= Yankuba Badjie =

Gambian government official

Yankuba Badjie was Director-General of the National Intelligence Agency under former President Yahya Jammeh from December 2013 to 2016.

==History==

He was born in New Jeshwang in Kanifing (Gambia). His father, Arabou Badjie, is ethnically Jola, while his mother, Binta Daffeh, is a Mandinka from Brikama Kabadaa.

He went to Kandiba Primary School in New Jeshwang and failed his Common Entrance Exam before proceeding to Crab Island Secondary School in the capital, Banjul. After his second year at Crab Island, he transferred to an Islamic school. After completing high school, he briefly worked in The Gambia before he relocated to the United States as an economic migrant alongside his brother Yusupha Badjie.
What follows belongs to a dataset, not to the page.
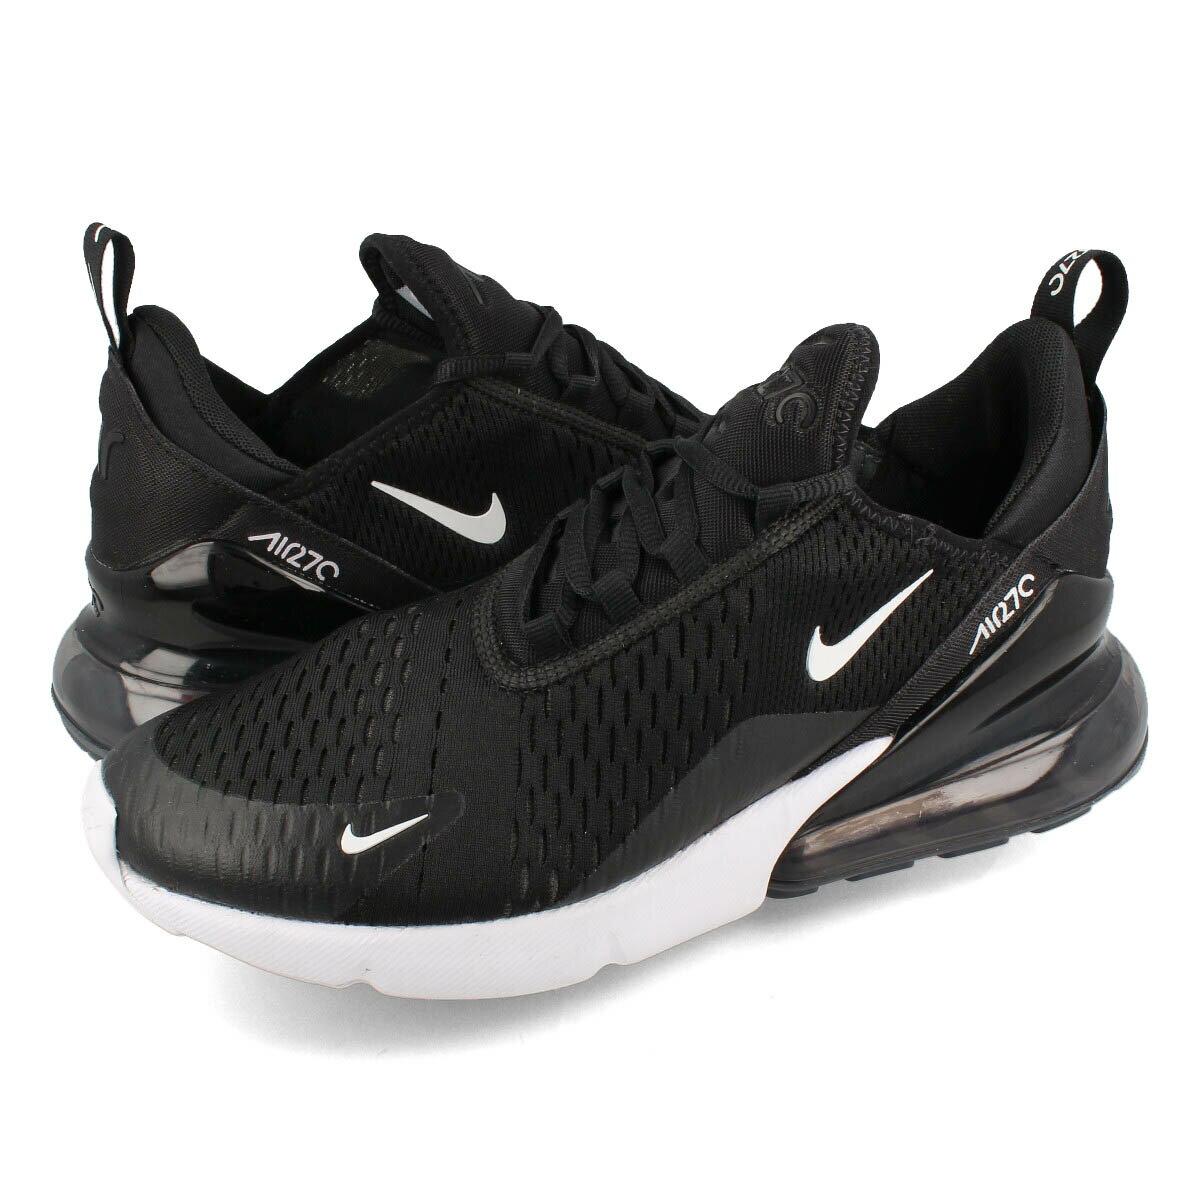 611a121d9a0b1 air max 95 kick on fire pl The Nike Air Zoom Mariah Flyknit ...

While in the United States, he lived in Seattle, where he worked in home healthcare, and Ohio, where he worked as a laborer in a warehouse before returning to the Gambia. Due to his father's connections to Yahya Jammeh, he was able to join the intelligence service. He became Deputy Director General for Operations before being promoted to lead the NIA as Director-General in 2013.

In April 2016, Yankuba Badjie was personally involved in giving orders for the torture of protesters and the subsequent killings of the United Democratic Party's Organizing Secretary and deputy regional Chairman, Solo Sanderg, and Solo Krumah. He was also responsible for the disappearances of Alhagie Ceesay and Ebou Jobe, two Gambian-Americans who went missing while on vacation in The Gambia.

Following the Gambian presidential election 2016, which toppled long-time dictator Jammeh, he was arrested in February 2017. He was later charged with the murder of Solo Sandeng.
In December 2017, he became subject to sanctions by the United States.